→ INPUT:
=== Section Start ===
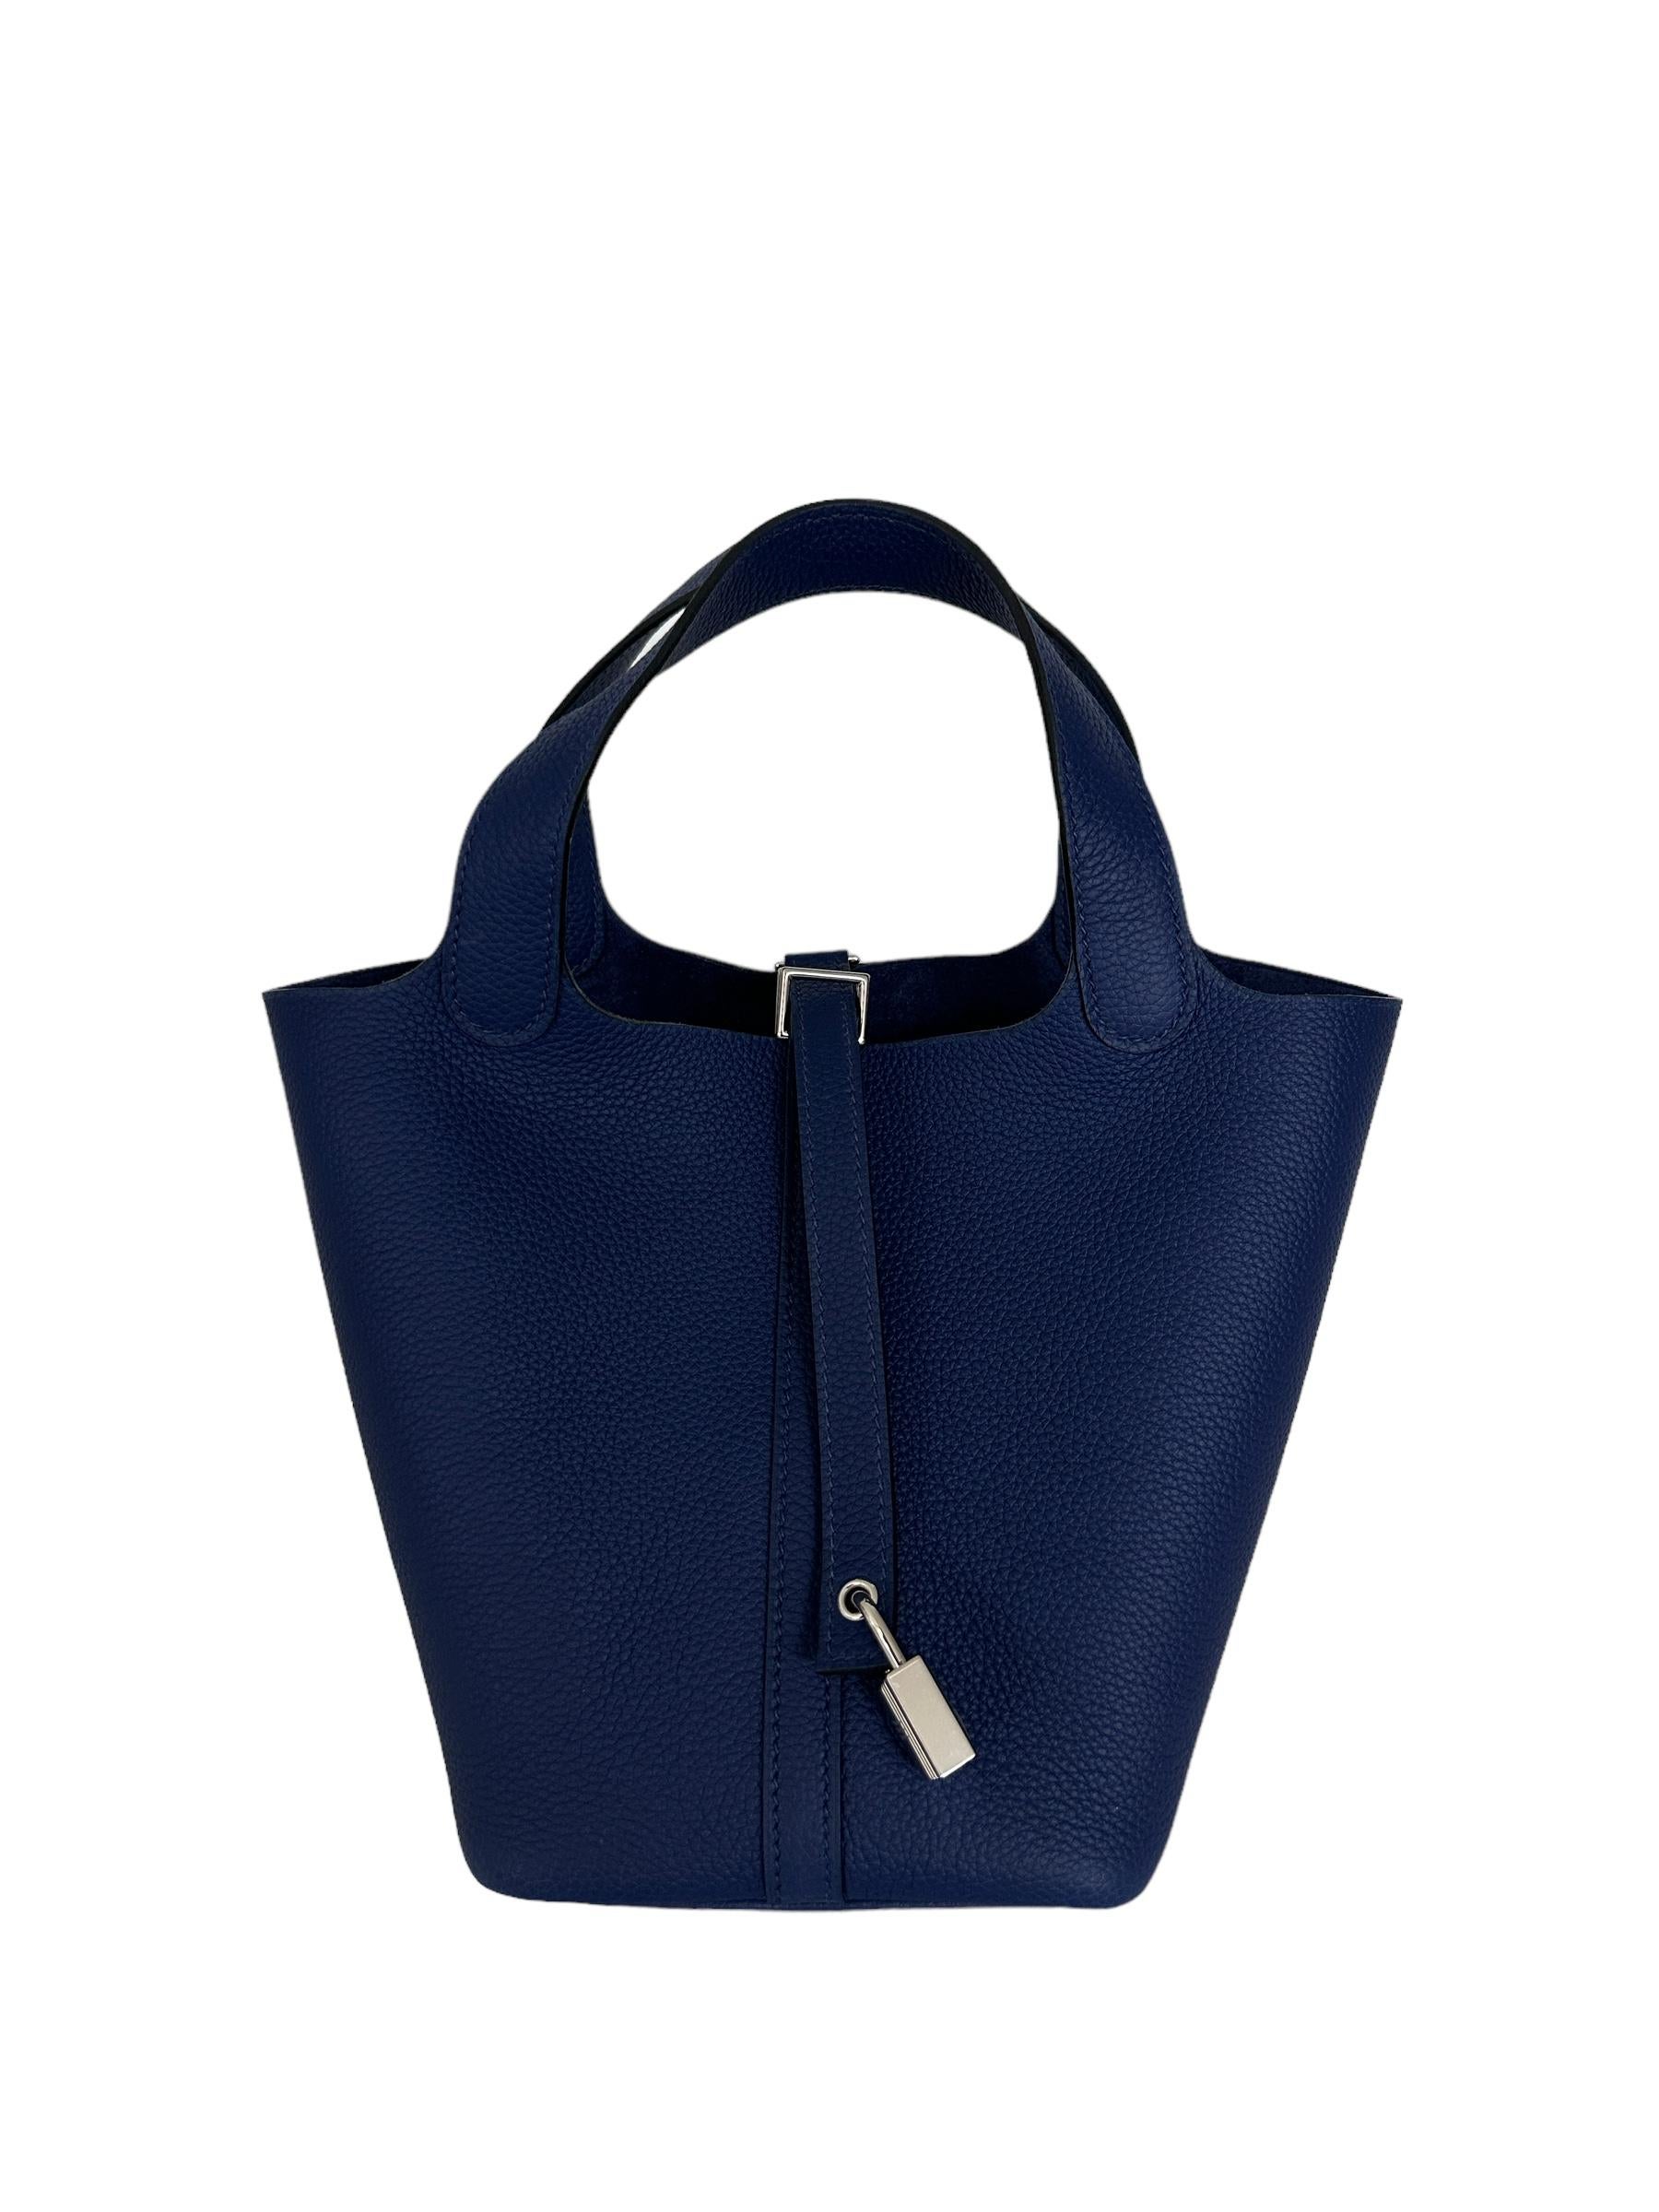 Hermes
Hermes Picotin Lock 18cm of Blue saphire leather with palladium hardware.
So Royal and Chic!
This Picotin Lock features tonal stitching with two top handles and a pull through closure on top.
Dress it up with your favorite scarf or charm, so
=== Section End ===
=== Section Start ===
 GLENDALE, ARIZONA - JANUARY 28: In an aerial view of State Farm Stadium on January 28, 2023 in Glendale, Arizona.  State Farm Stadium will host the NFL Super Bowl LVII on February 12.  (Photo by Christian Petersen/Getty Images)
=== Section End ===
→ WORK TO BE COMPLETED: Search the records above for the string "Lock". Report each line that has it.

→ SOLUTION TO THE PROBLEM:
Hermes Picotin Lock 18cm of Blue saphire leather with palladium hardware.
This Picotin Lock features tonal stitching with two top handles and a pull through closure on top.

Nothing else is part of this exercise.